10 Historical Context The novel, while published in 1884, is set years prior, before the Civil War. During those Post-Civil War years, the ideals of self-improvement, industry, and geographical expansion – the ideal of progress – dominated life and philosophy in the U.S. But in spite of the general spirit of optimism, the country was growing ever more tormented by the issue of slavery. This was especially true in Missouri, Twain’s home state and the starting point for Huck and Jim’s journey.

11 Historical Context In 1821, under the Missouri Compromise, the territory of Missouri had been admitted into the Union as a slave state. Located south of Iowa and west of Illinois, both free states, Missouri developed strict laws that prohibited the entry of free blacks to the state. Simply entering a free state didn’t guarantee freedom for an escaped slave. In Illinois, in cooperation with the Fugitive Slave Law – African Americans not in possession of freedom papers was liable to arrest and, on conviction, to indentured labor.

12 Historical Context Although growing numbers of Northerners came to regard slavery as a moral issue, Southerners became more adamant and defensive about their way of life. It is many of these qualities and situations Twain spotlights in his novel.

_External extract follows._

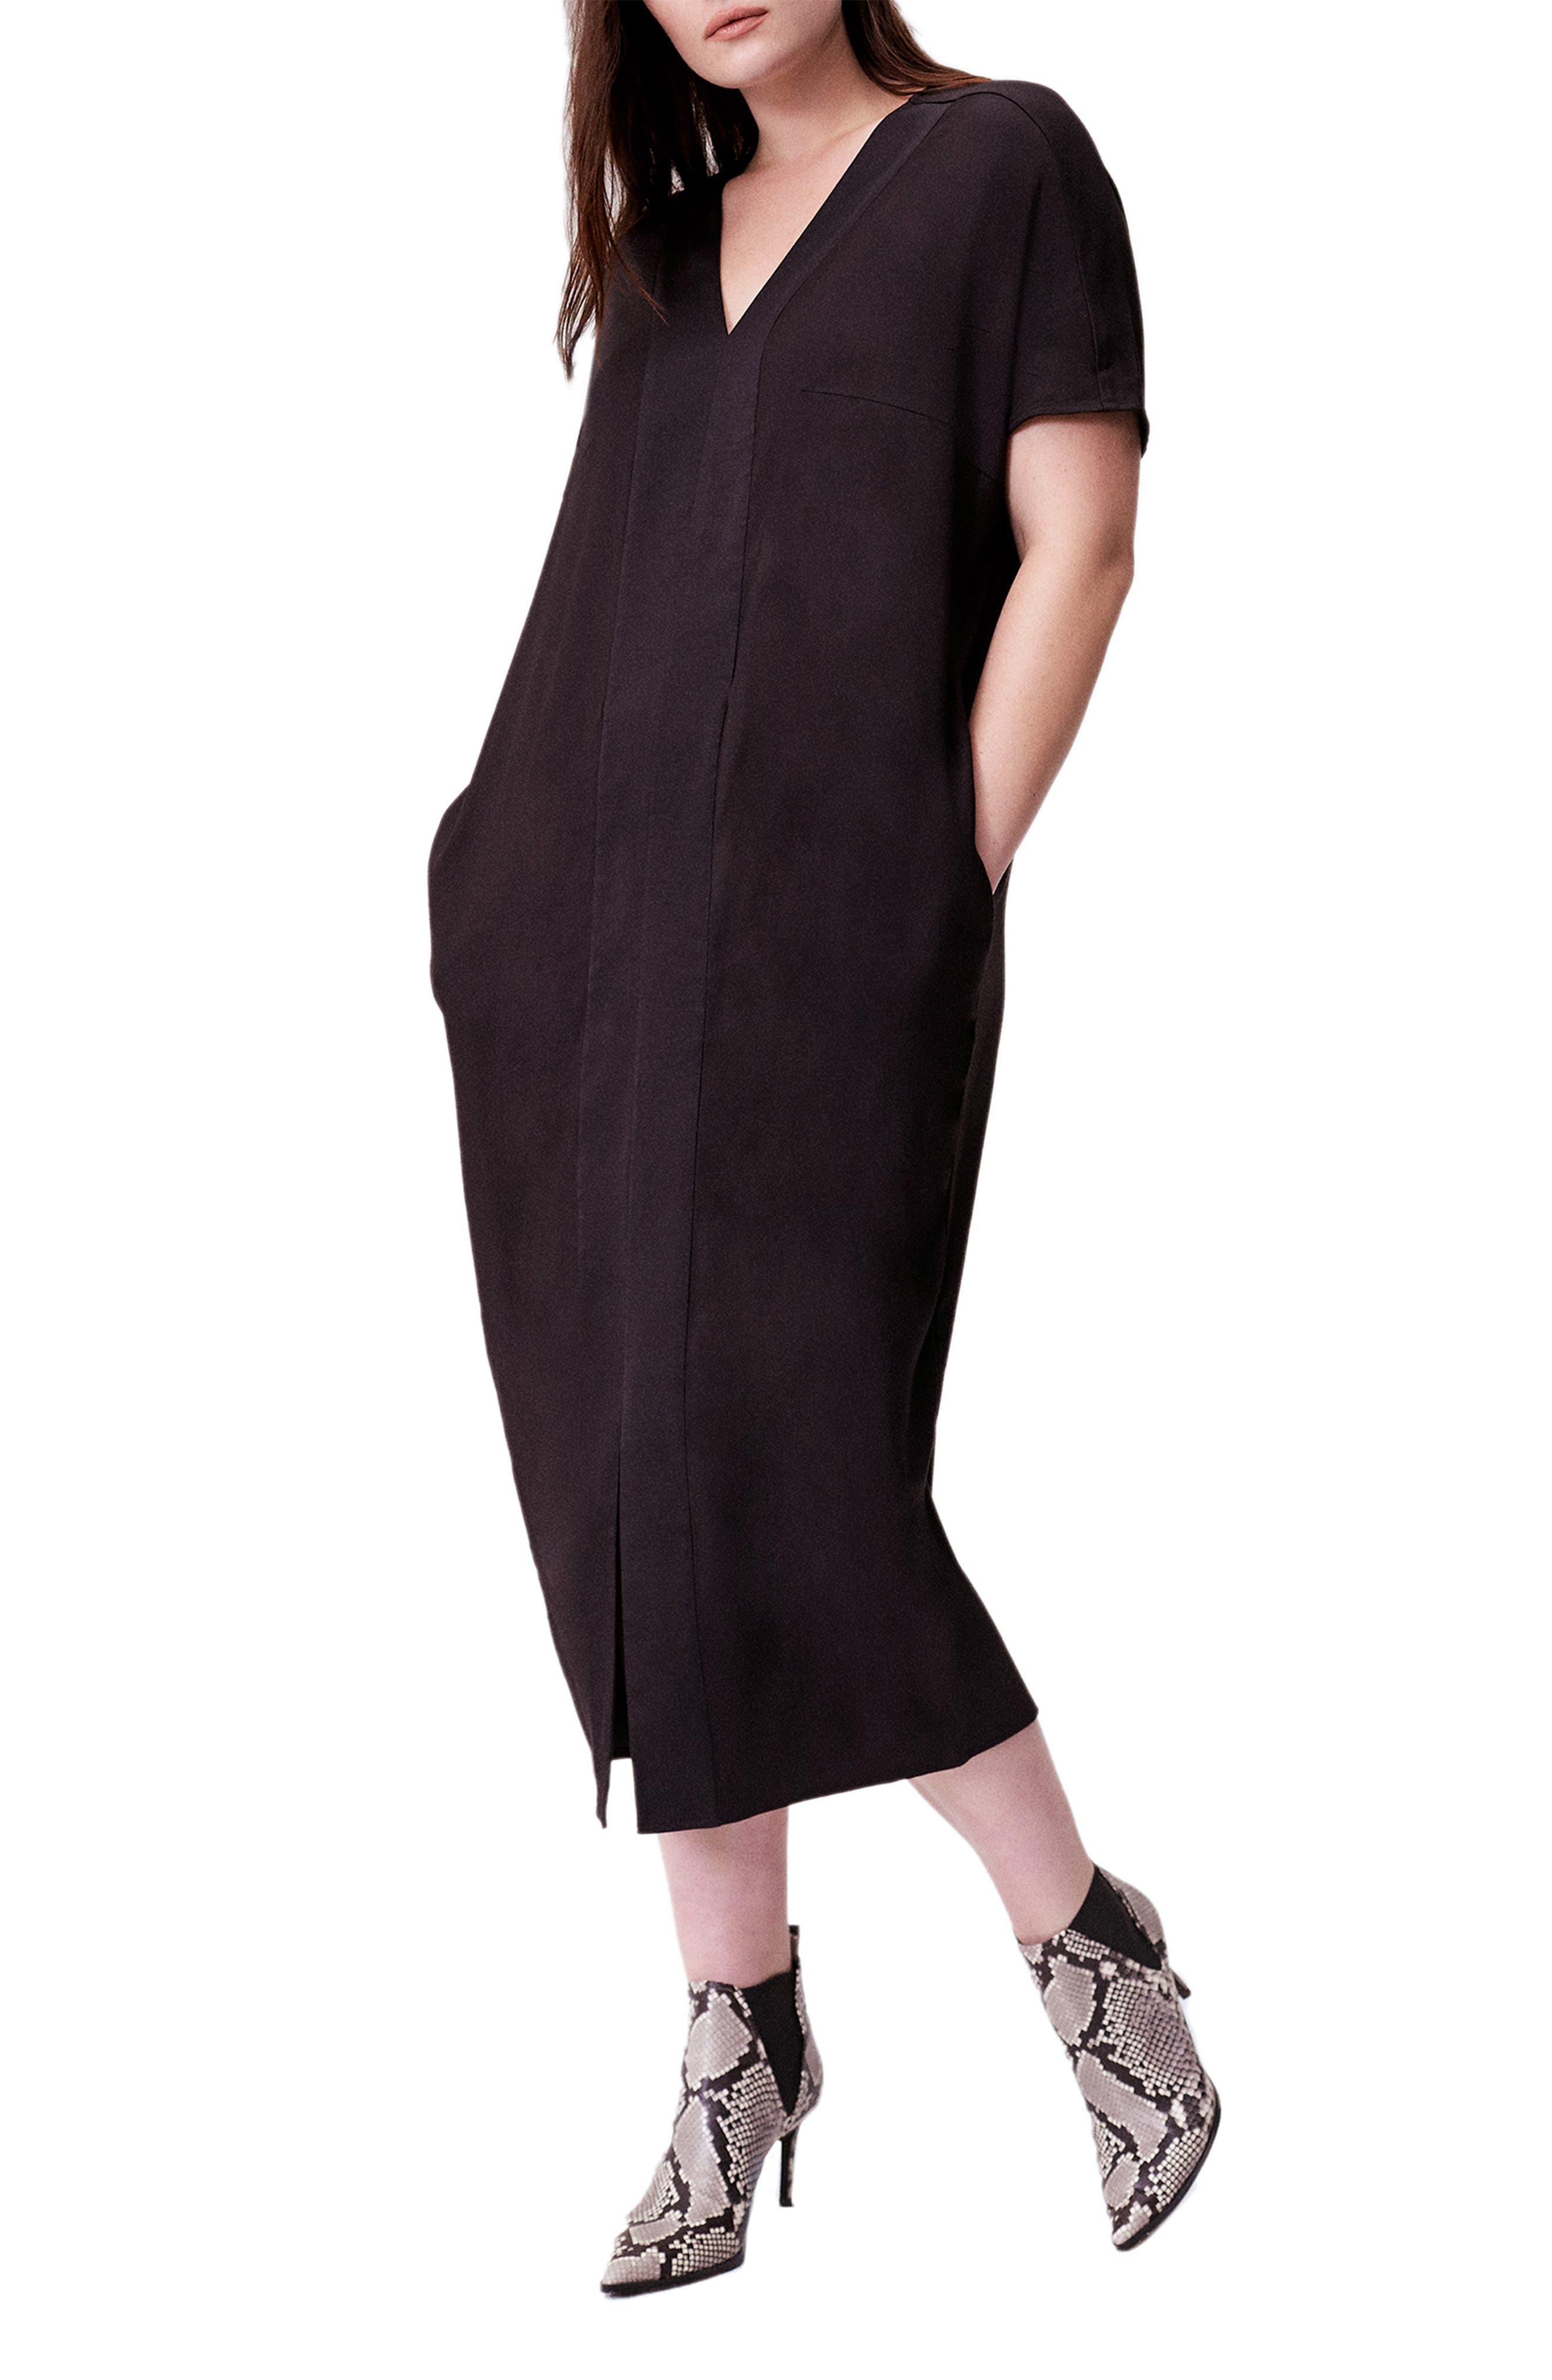 UNIVERSAL STANDARD Crosby Caftan Dress, Main, color, BLACK

13 The Economic Gap The cast gulf separating rich and poor was justified by the economist William Sumner, whose theory of Social Darwinism held that business, left to its own devices, would eliminate the weak and reward the strong. Twain’s concern for the fate of the weak is evident in his heroic trio: Huck and Jim and the raft.

14 The Heroic Trio Huck and Jim are uneducated outcasts of society
The raft they use to travel upon is no longer the “fittest” form of transport on the river.